Thus, when crossing a mountain pass today, one should not only ask: “Is the scenery beautiful?” One should also ask: “Did this road change someone’s life?” This simple question makes the journey far more profound.

5. The Highlands Are Not a Backdrop, but a Living World

One of the great misunderstandings when talking about mountainous regions is turning them into a backdrop: a backdrop for beautiful photos, a backdrop for colorful costumes, a backdrop for terraced fields, a backdrop for smiles.

But the highlands are not a backdrop. They are a living world, with its difficult choices, historical tensions, highly adaptable communities, and sometimes silent memories.

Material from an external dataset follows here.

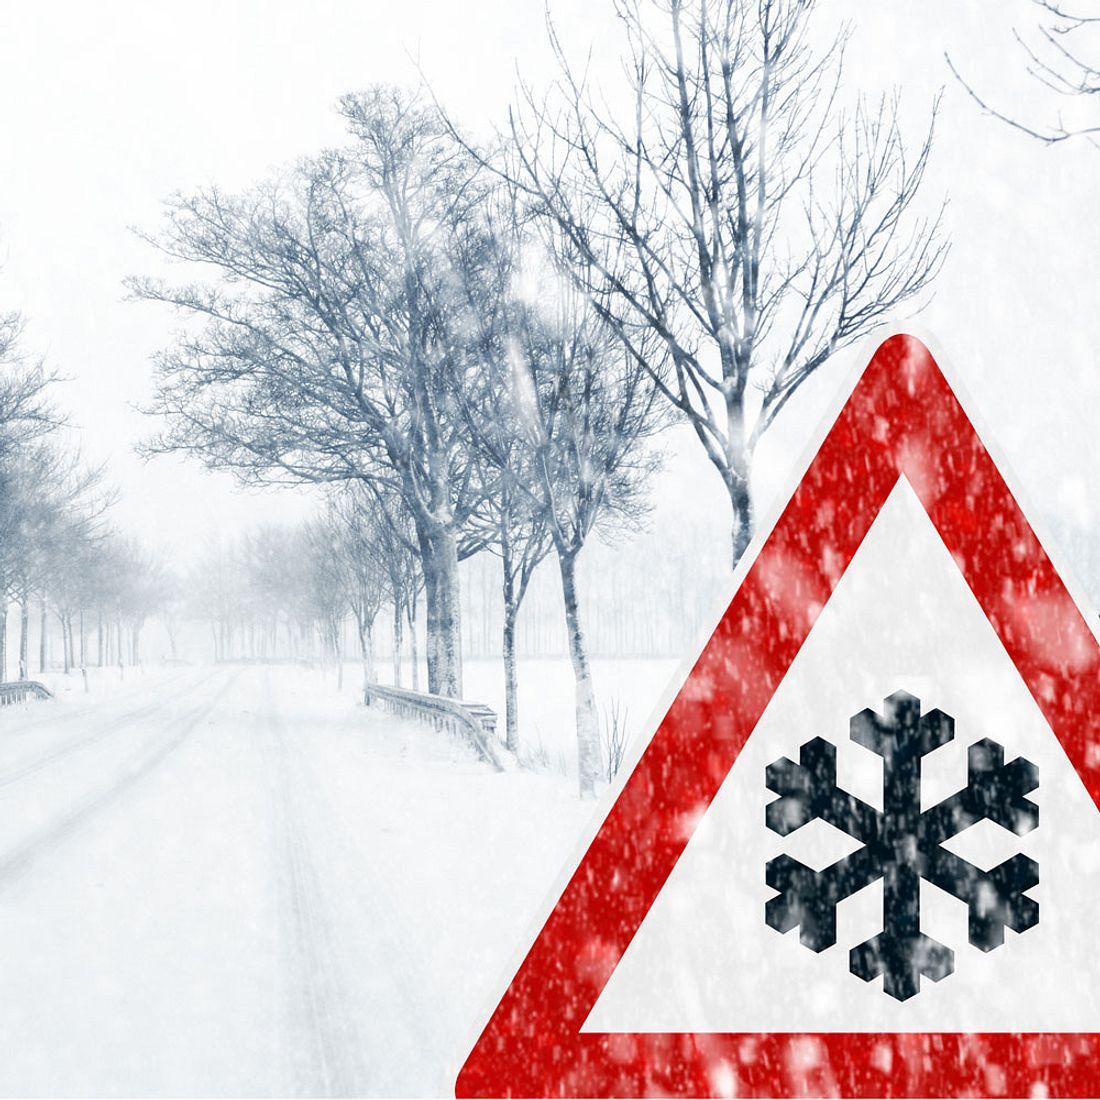 Alarmstufe Rot: Wetterdienste warnen vor gefährlichen Wetter-Wechsel!
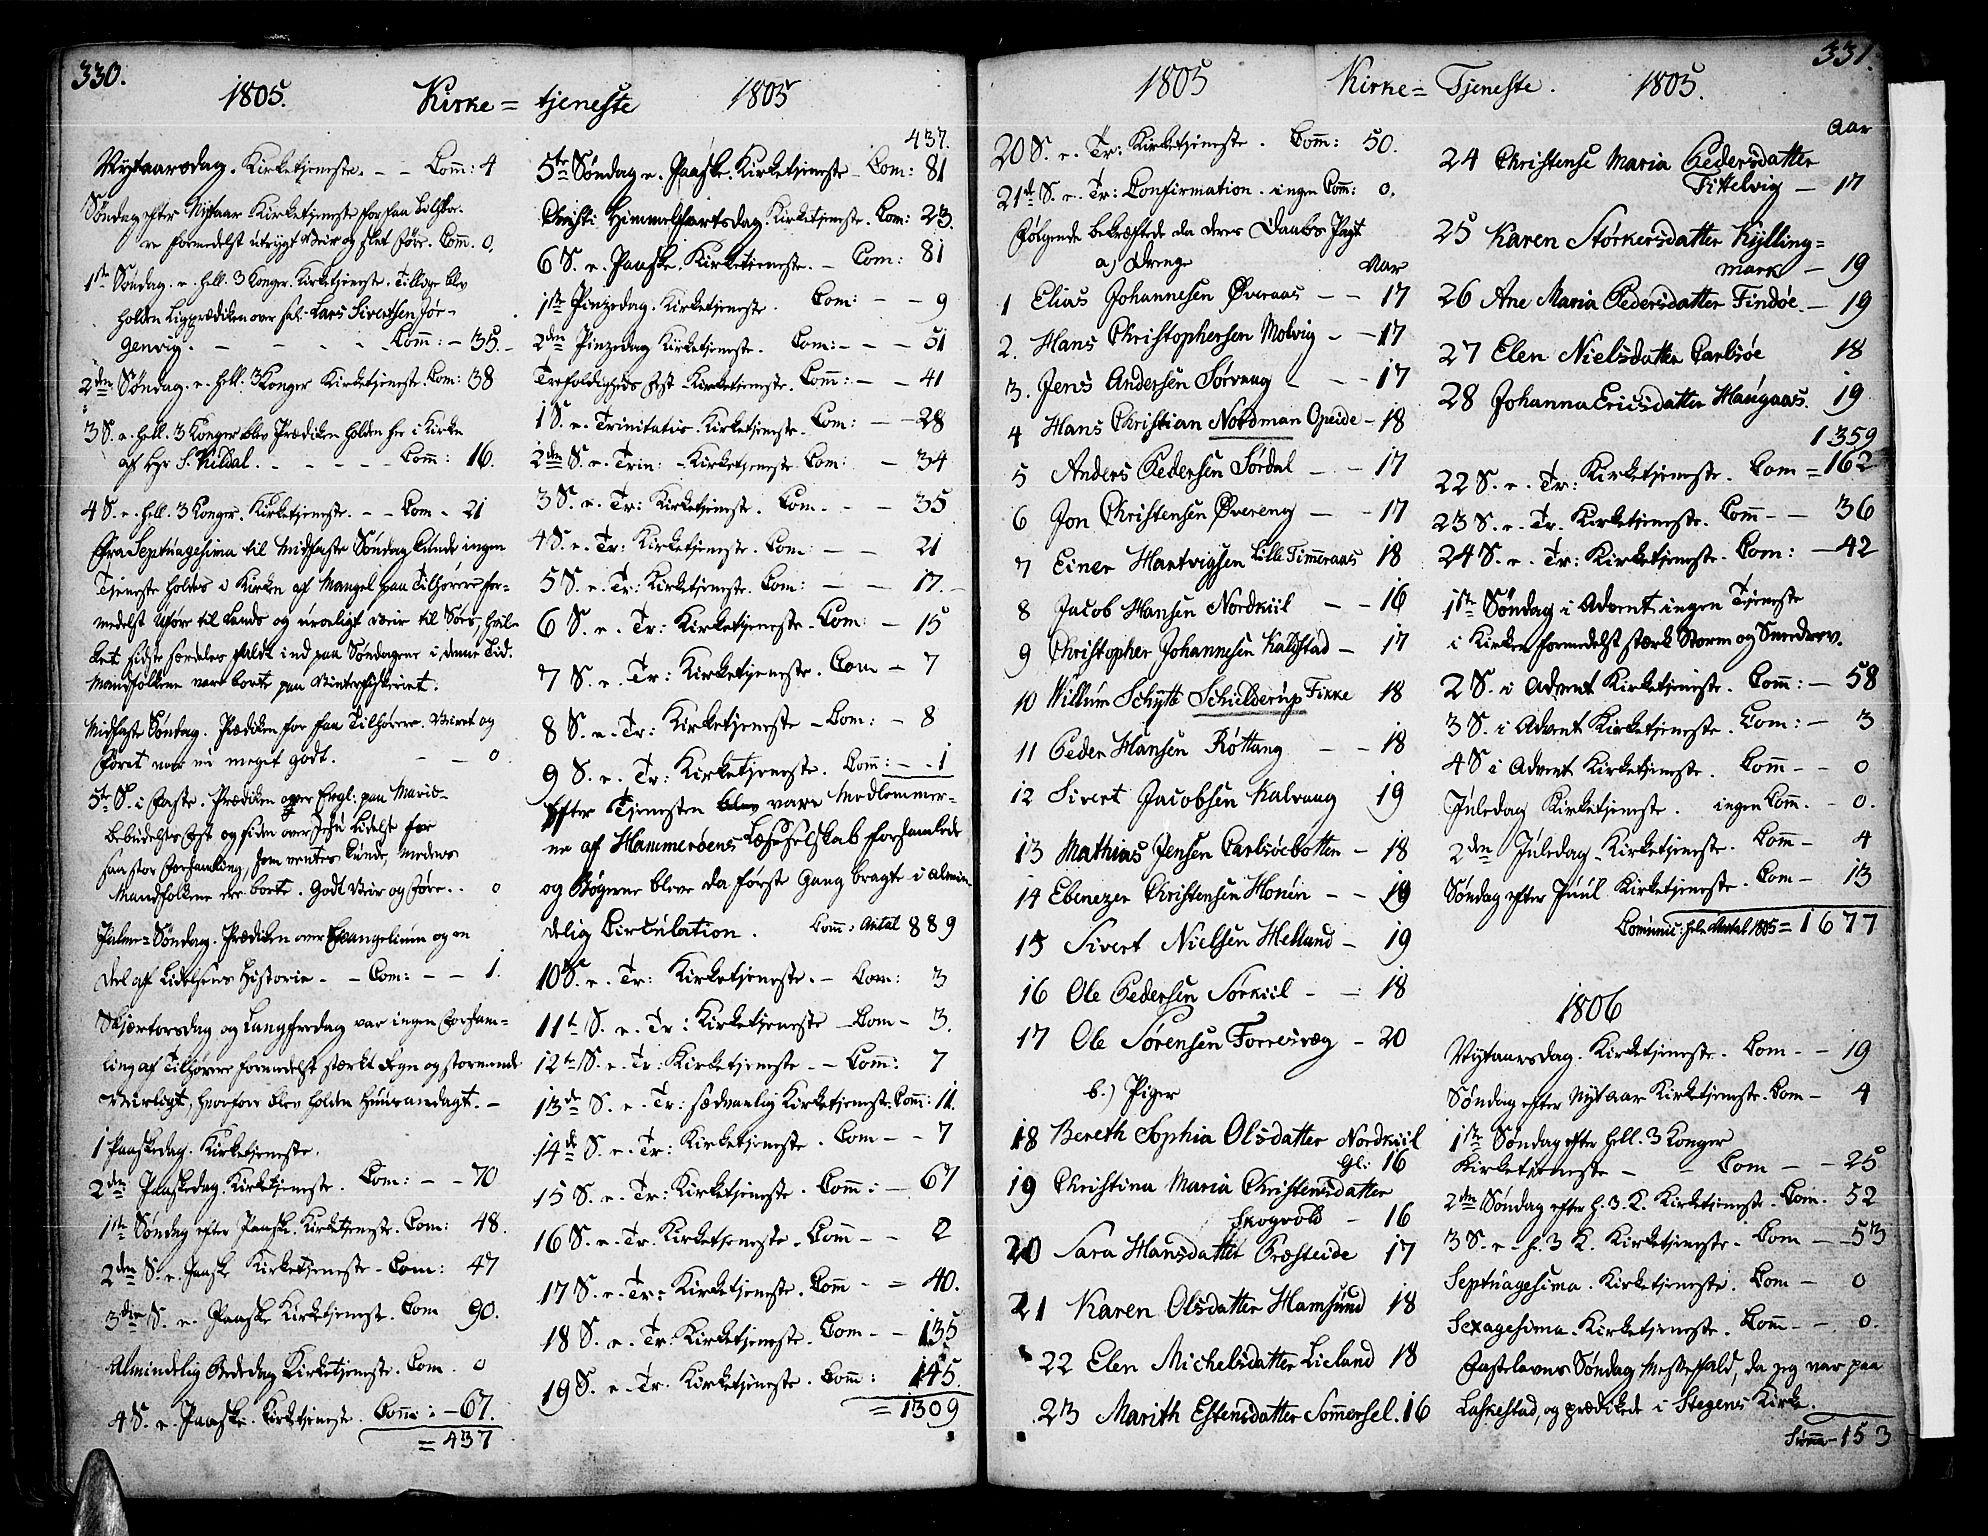 SAT, Ministerialprotokoller, klokkerbøker og fødselsregistre - Nordland, 859/L0841: Parish register (official) no. 859A01, 1766-1821, p. 330-331

During the French colonial era, mountain populations found themselves at the intersection of several forces: local customs, colonial authority, cross-border trade, religion, the army, taxes, currency, roads, and political upheavals. Some communities were more heavily controlled than others. Some regions changed faster. Others maintained their old rhythm of life for longer. But everywhere, one fact remains: the highland inhabitants never disappeared from history. They were present, they made choices, they adapted, they preserved.

Thus, when you visit a market in Bắc Hà, Cán Cấu, Mèo Vạc, Đồng Văn, Mường Hum, or a village in Sapa, Hà Giang, Cao Bằng, Lai Châu, or Điện Biên, you are not just entering a beautiful location. You are stepping into a space made of many layers of memory.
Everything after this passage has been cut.